**ABOUT THIS TASK**
Begin your copy at the line holding "Scrabble letter cards" and end it at the last line of the listing. Keep every line exact and leave out the pictures.

**SUPPLIED DATA**
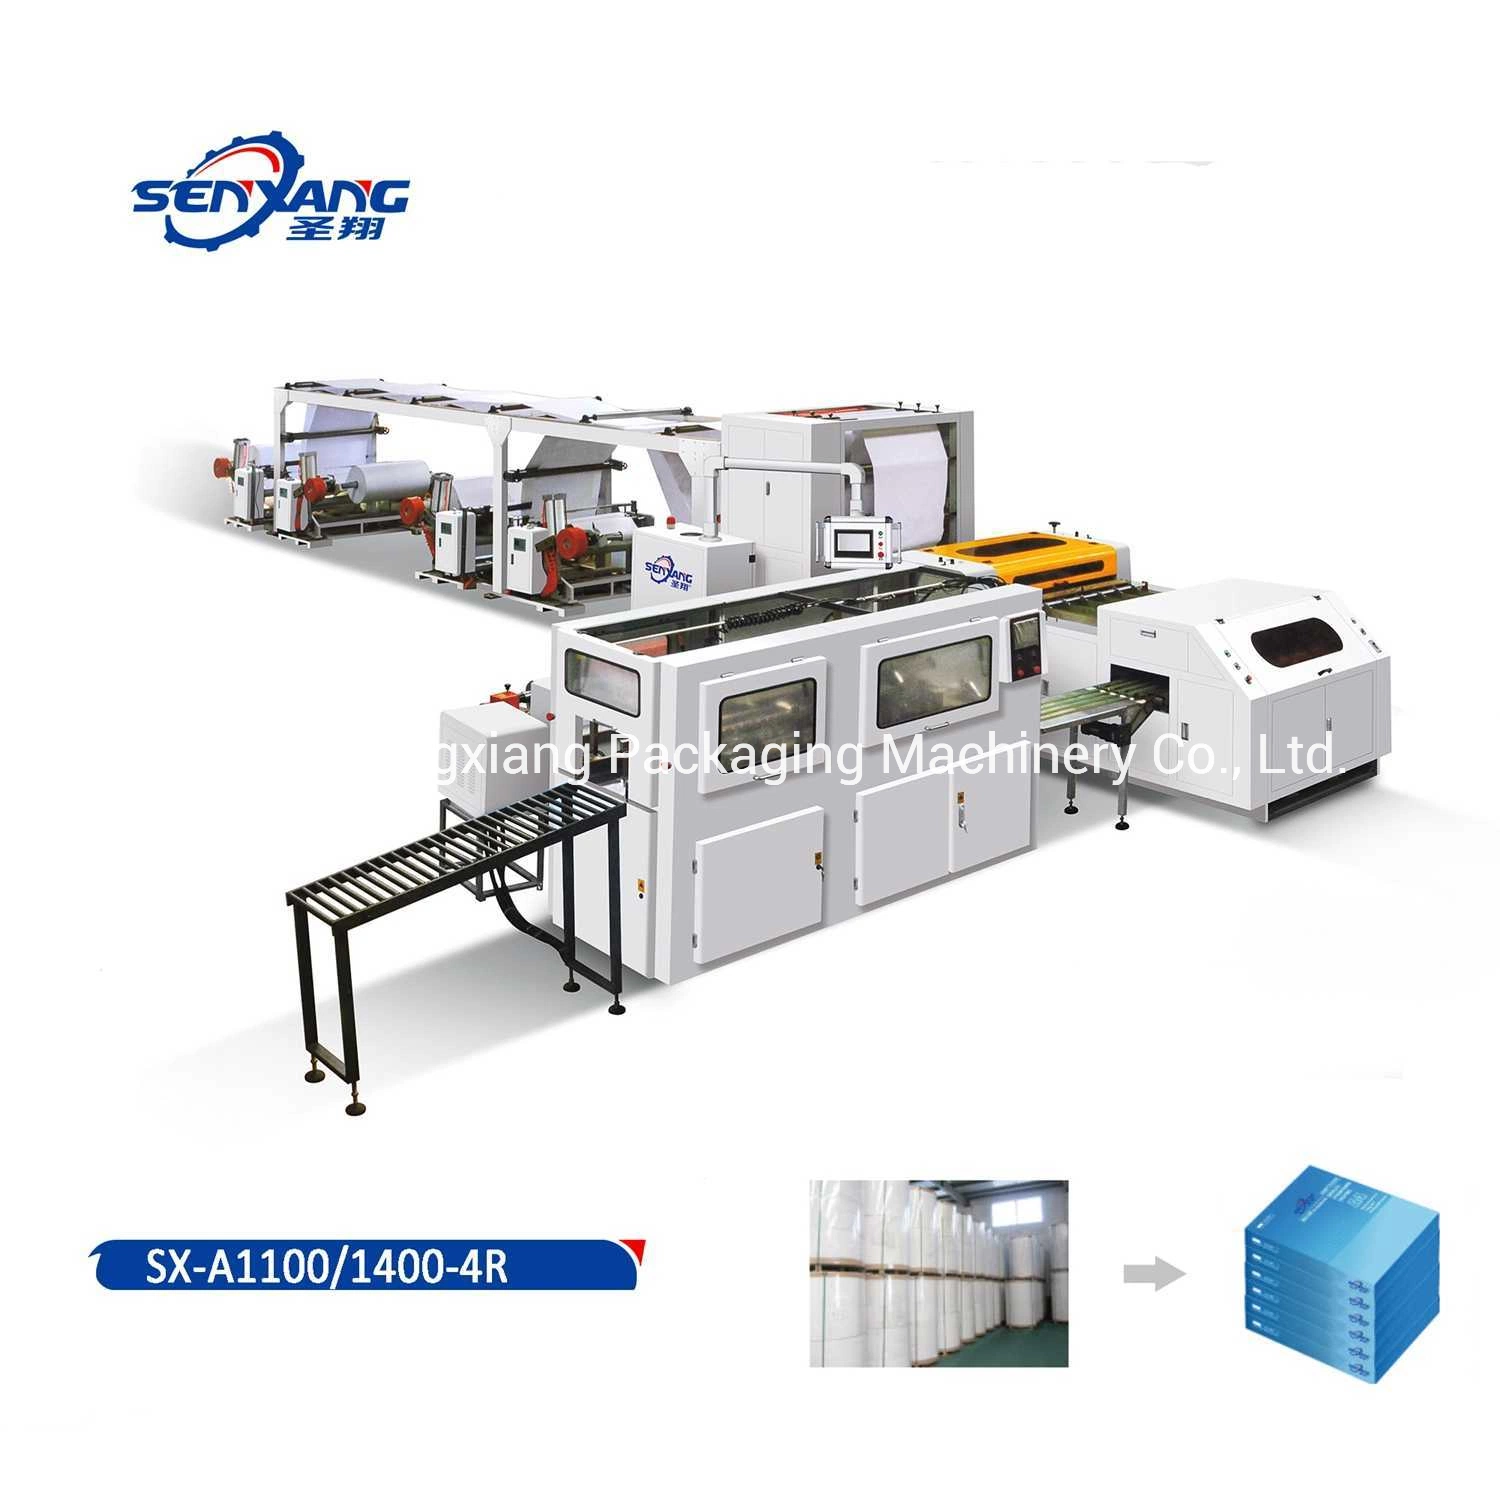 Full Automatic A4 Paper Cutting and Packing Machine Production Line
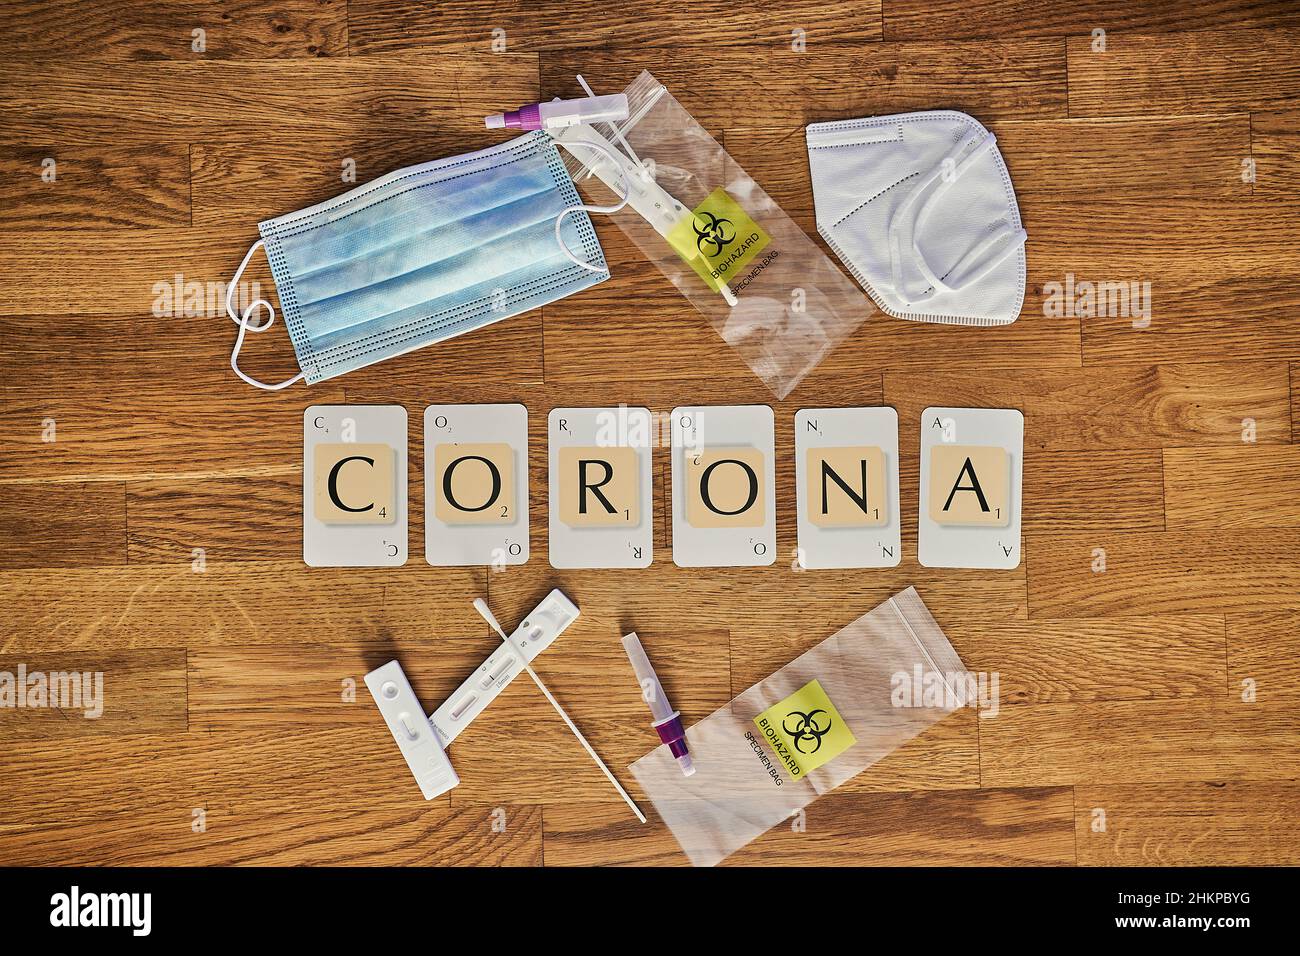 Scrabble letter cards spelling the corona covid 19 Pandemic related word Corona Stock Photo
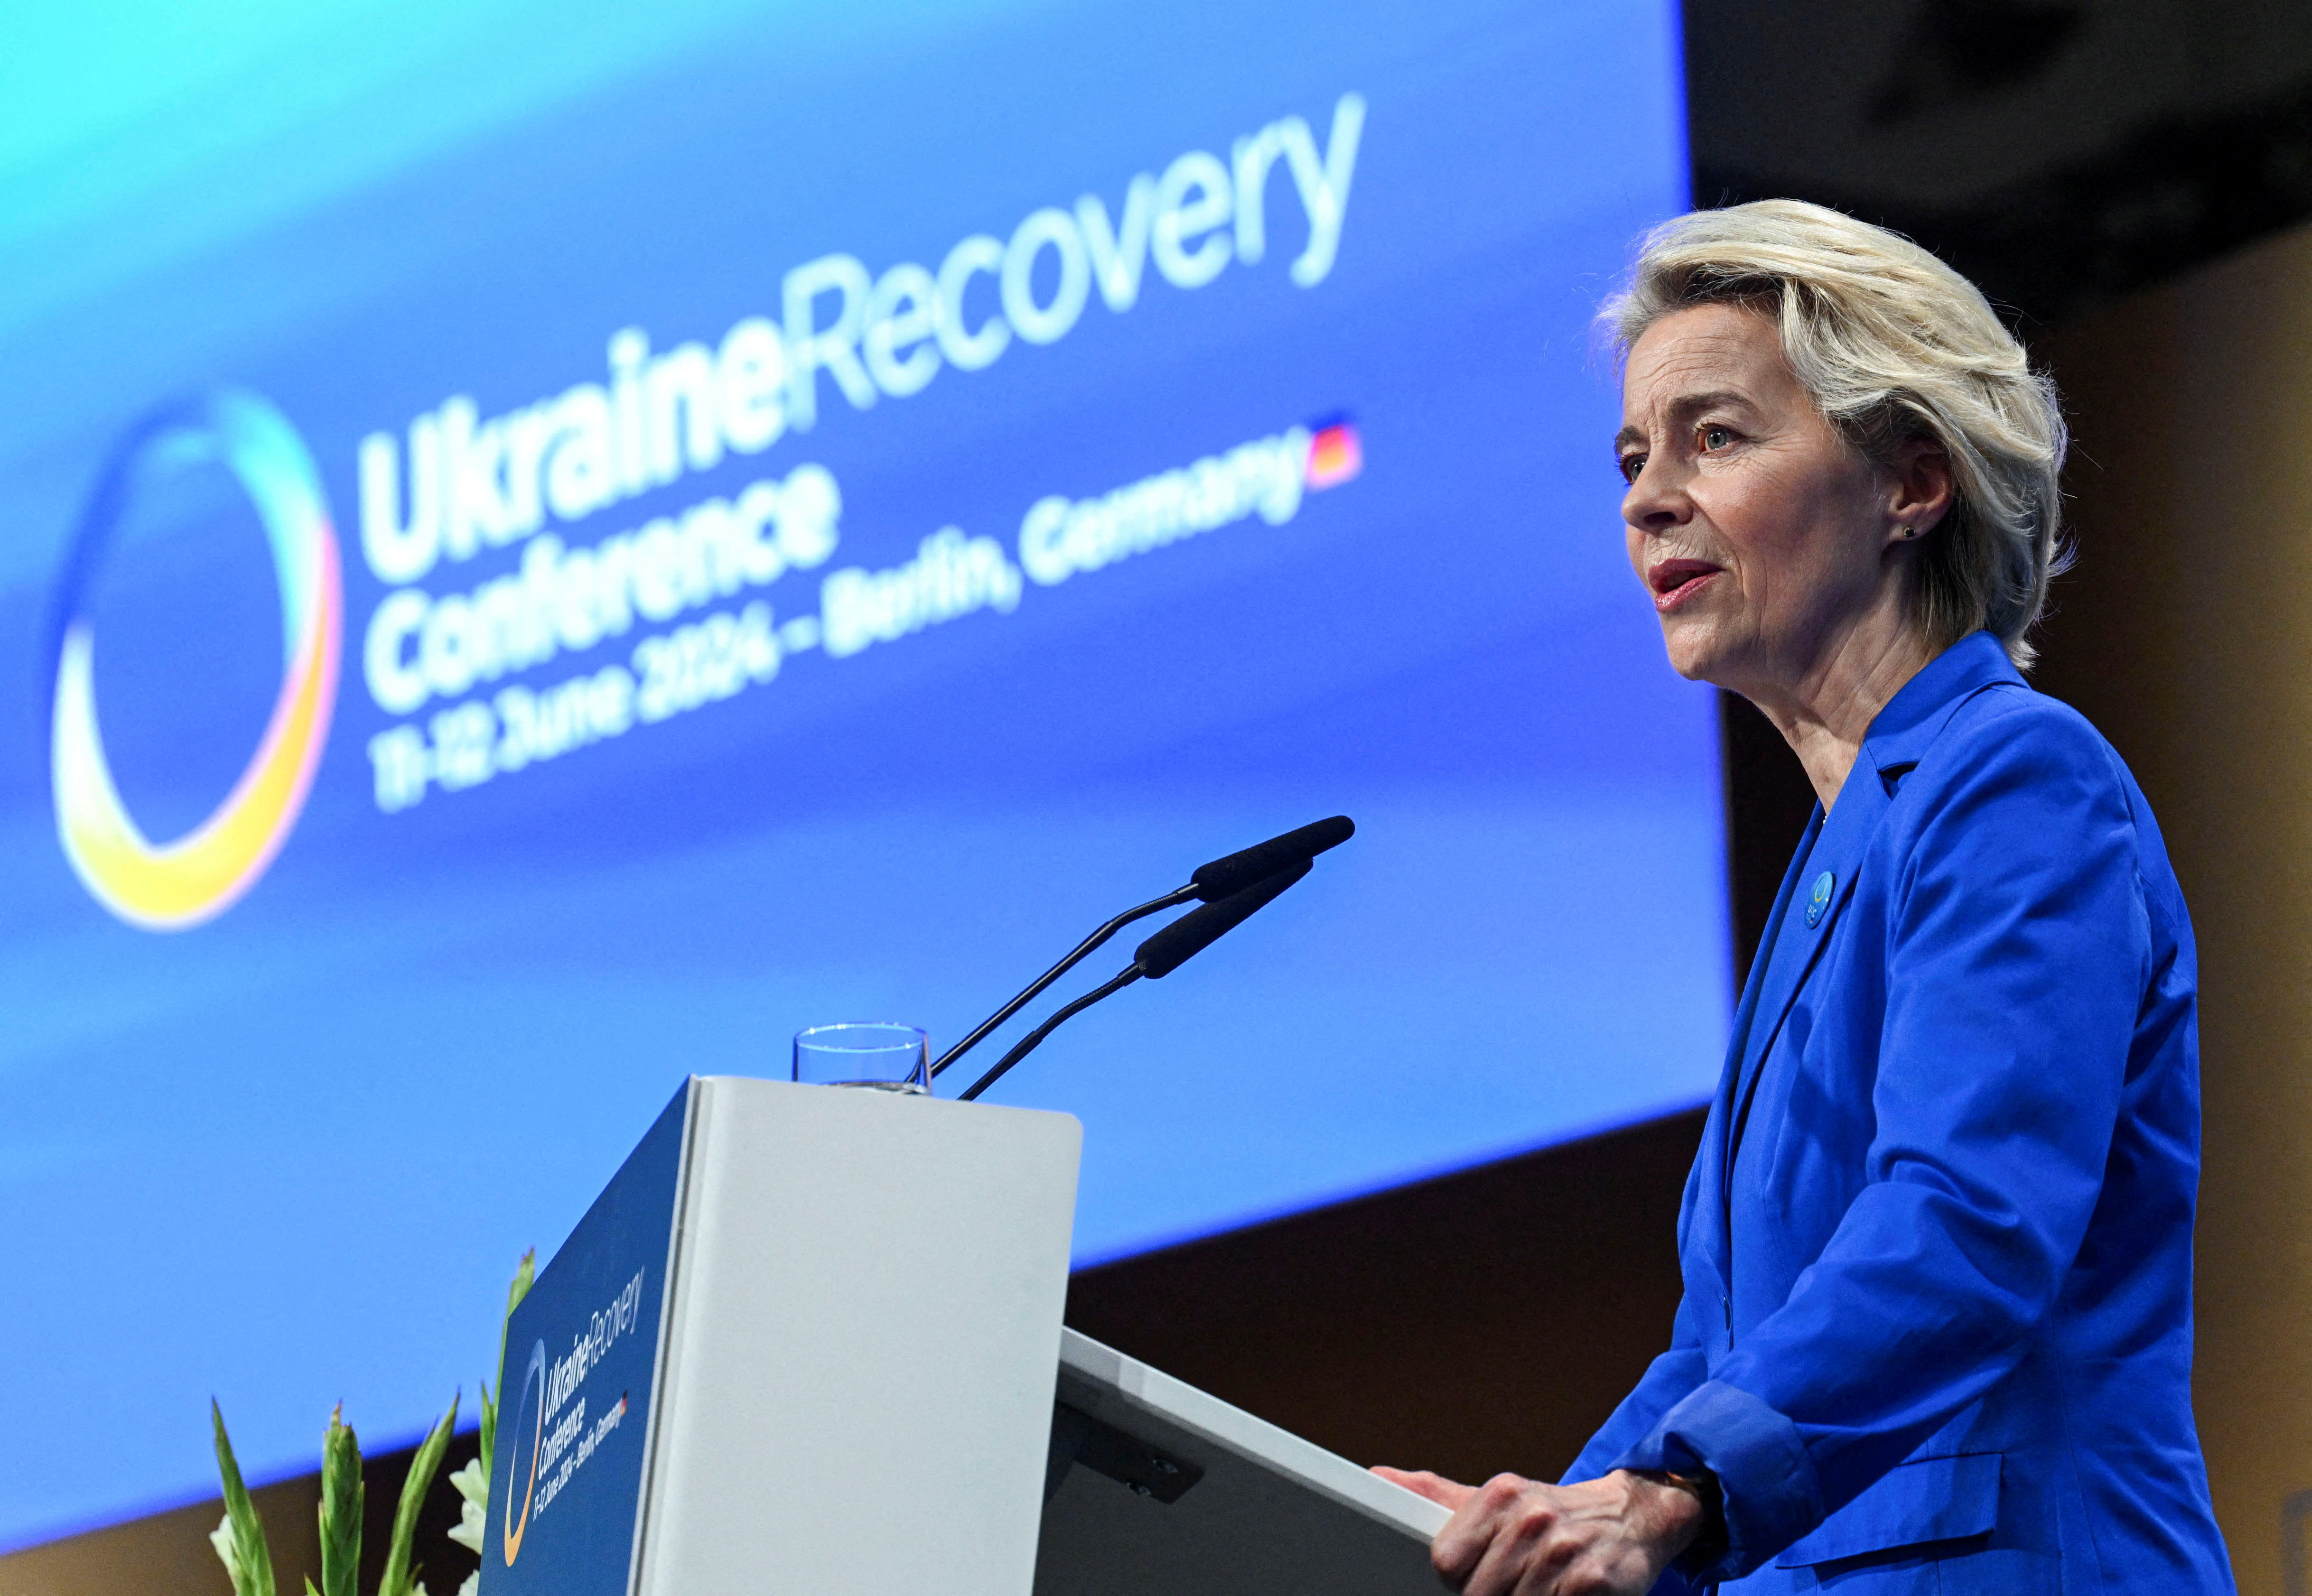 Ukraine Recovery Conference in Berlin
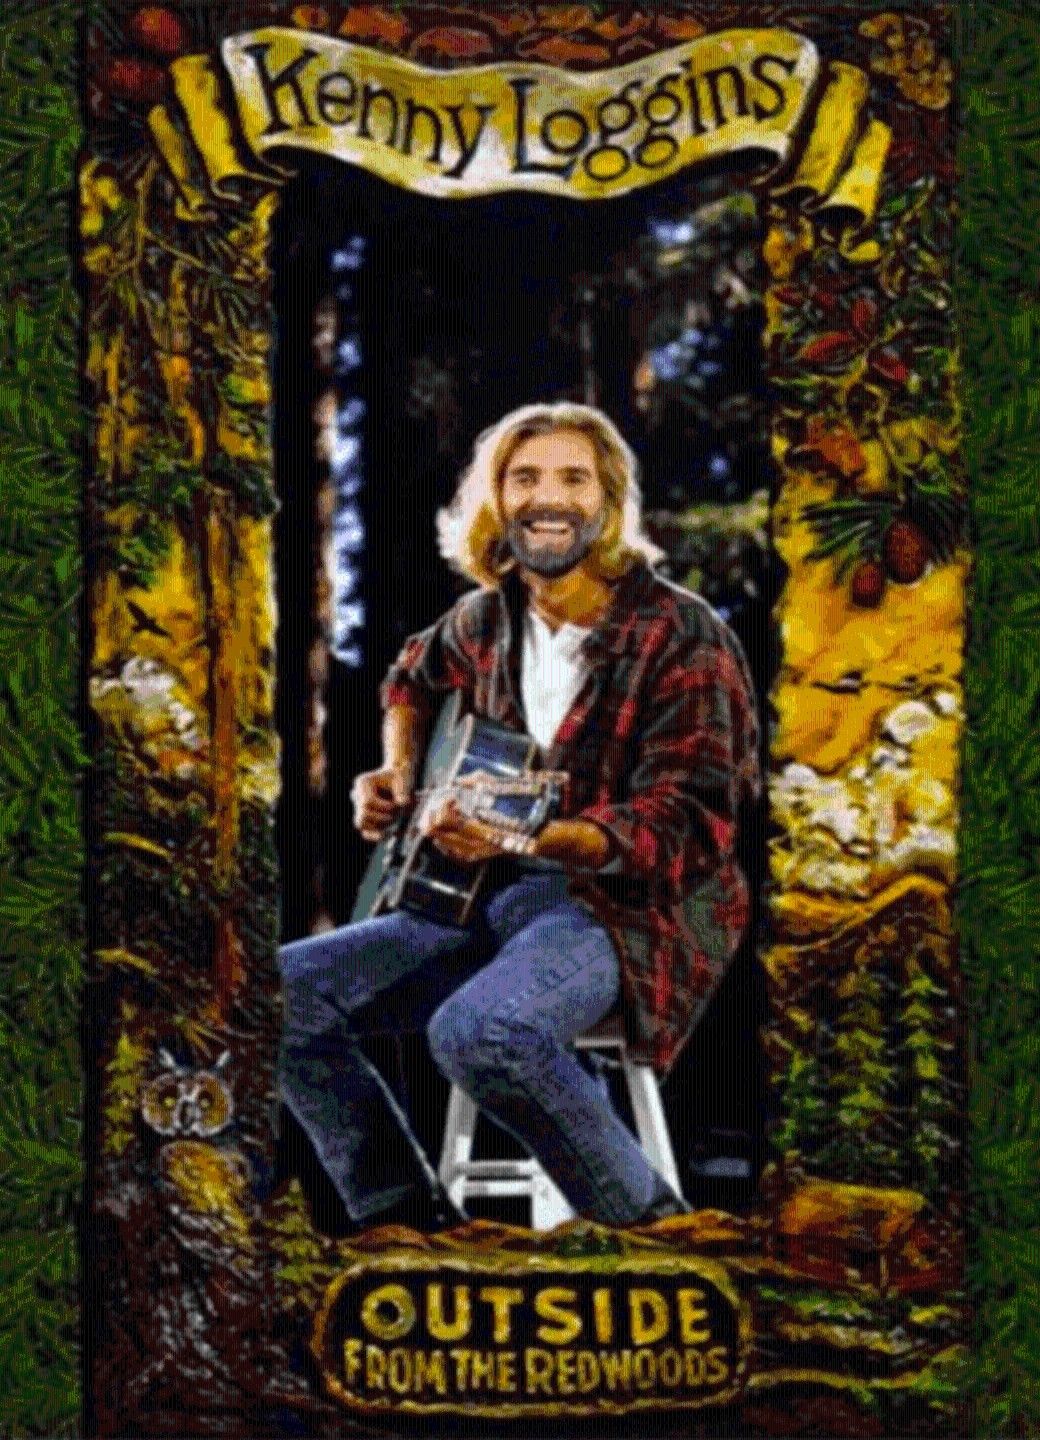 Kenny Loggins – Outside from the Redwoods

**ANSWER SECTION**
 Scrabble letter cards spelling the corona covid 19 Pandemic related word Corona Stock Photo
 Ukraine Recovery Conference in Berlin
 Kenny Loggins – Outside from the Redwoods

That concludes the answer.